◆ Aim of the task ◆
Omit the pictures and reproduce the rest of the listing exactly.

◆ Data block ◆
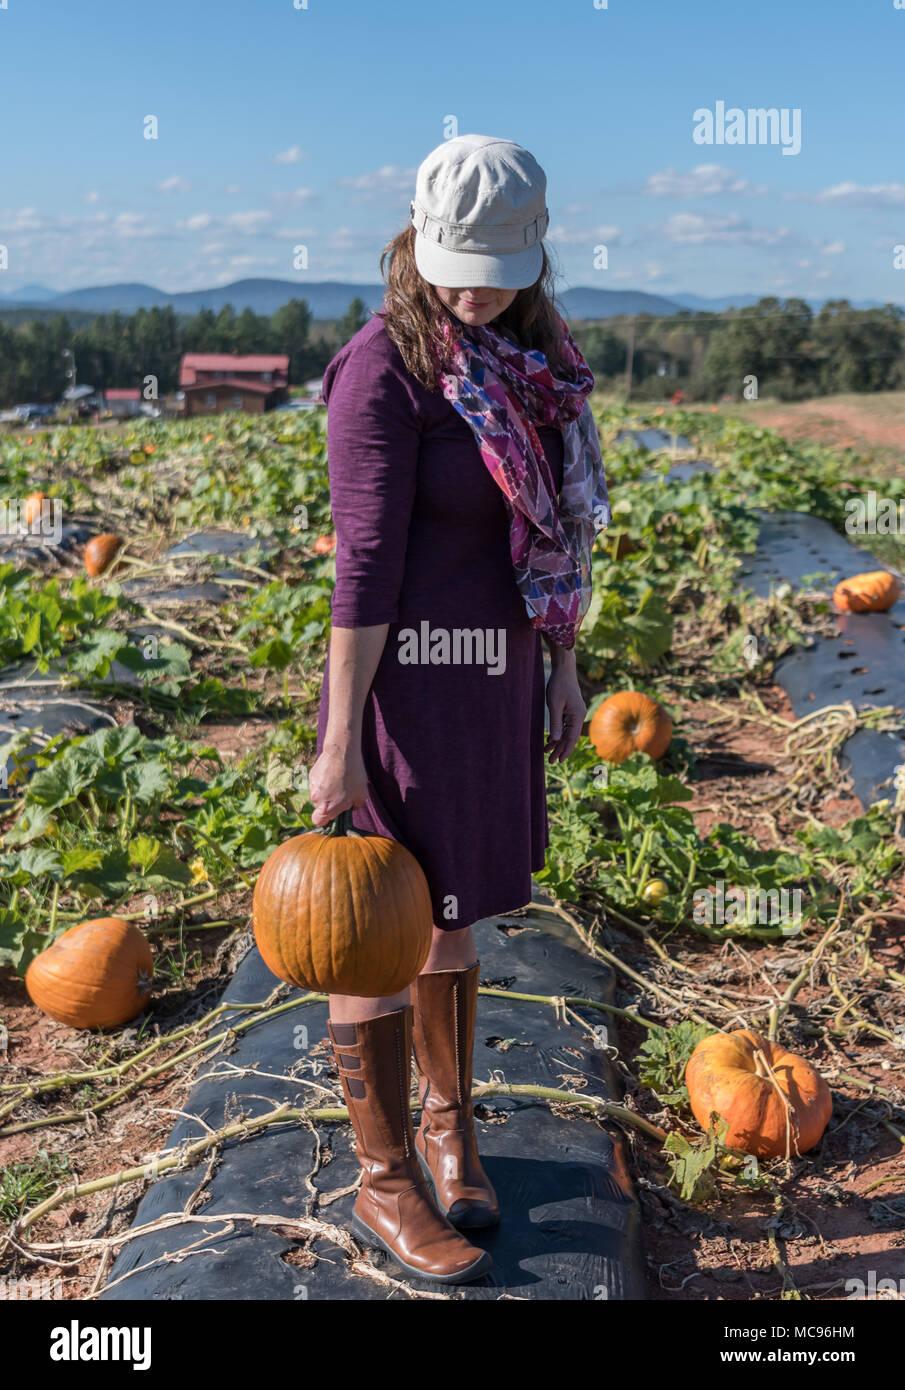 Woman Swings Pumpkin on Sunny Afternoon in pumpkin patch - Stock Image
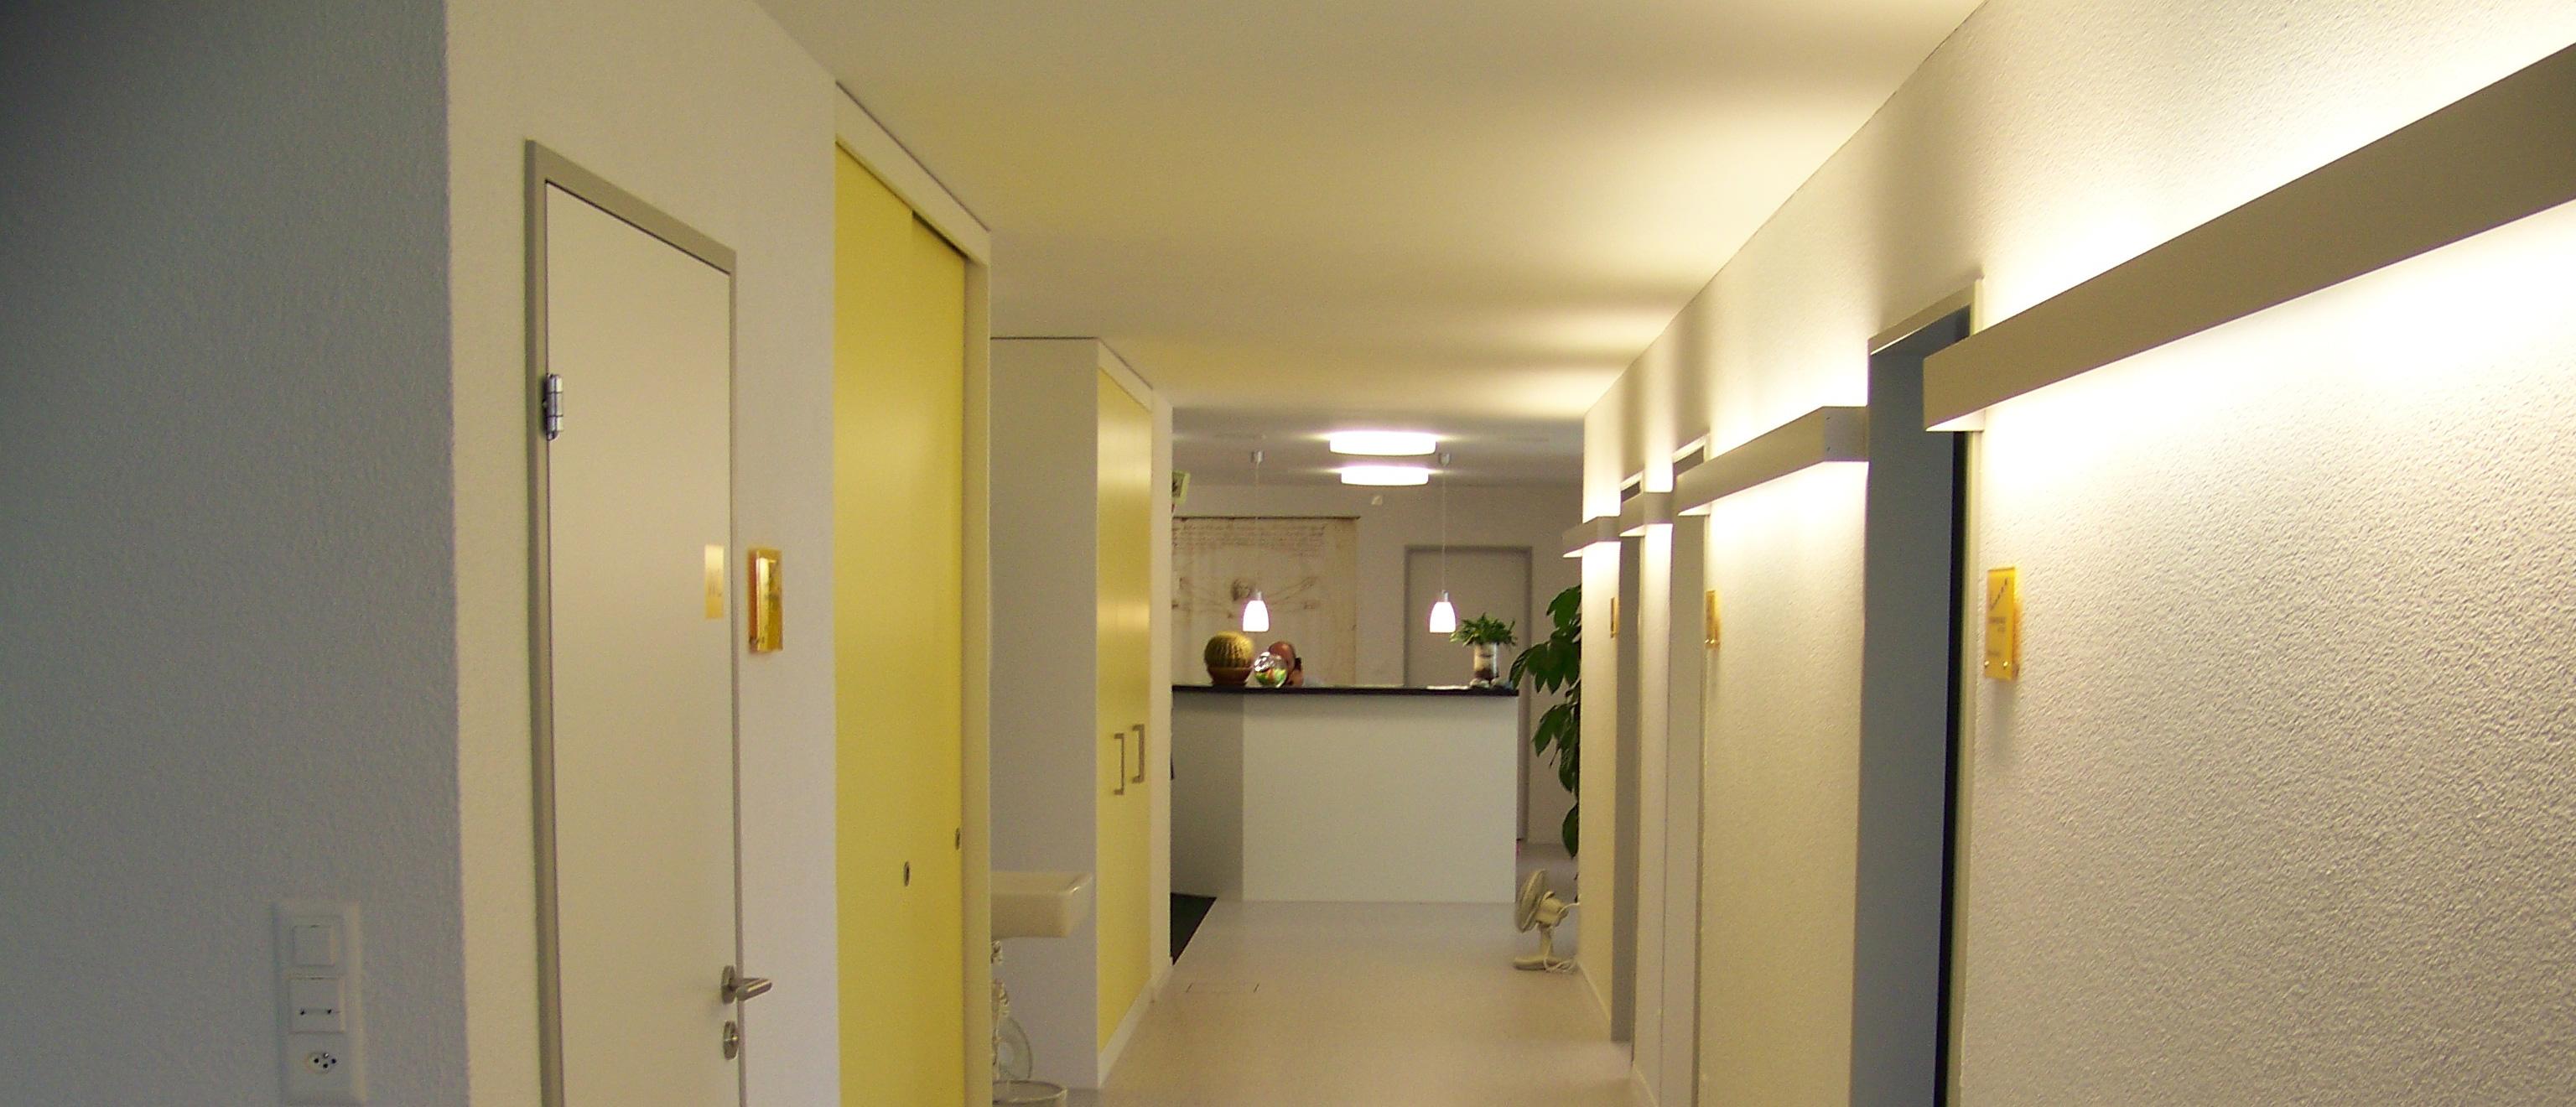 Therapiecenter Gossau
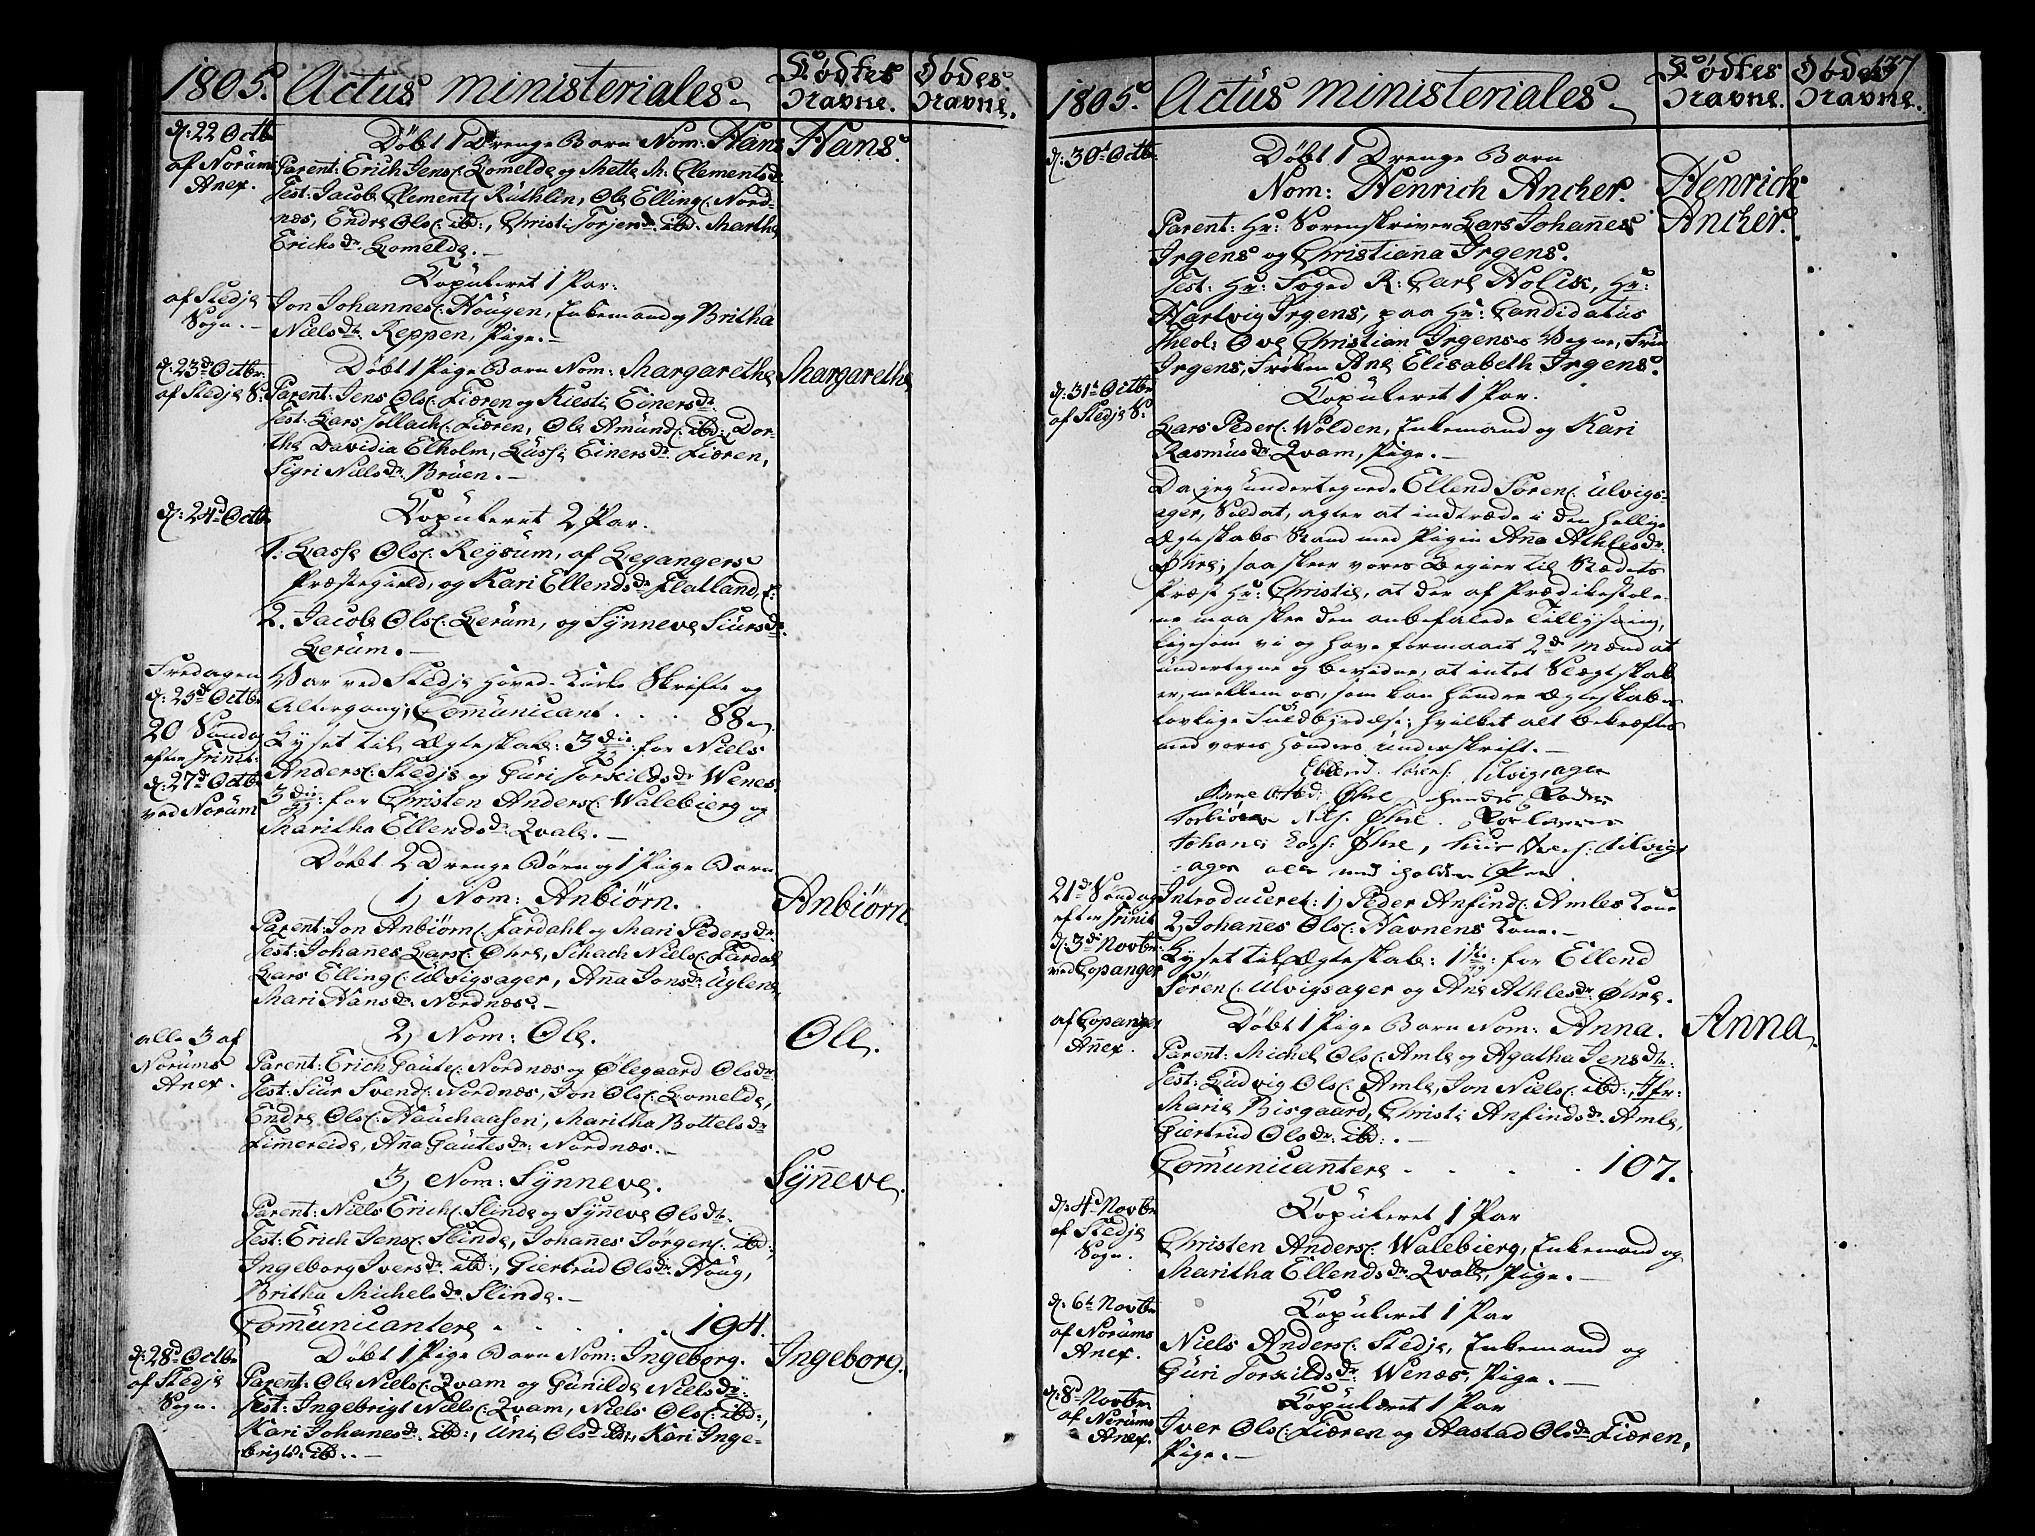 SAB, Sogndal sokneprestembete, H/Haa/Haaa/L0008: Parish register (official) no. A 8, 1795-1809, p. 137

◆ Solution to the exercise ◆
 Woman Swings Pumpkin on Sunny Afternoon in pumpkin patch - Stock Image
 Therapiecenter Gossau
 SAB, Sogndal sokneprestembete, H/Haa/Haaa/L0008: Parish register (official) no. A 8, 1795-1809, p. 137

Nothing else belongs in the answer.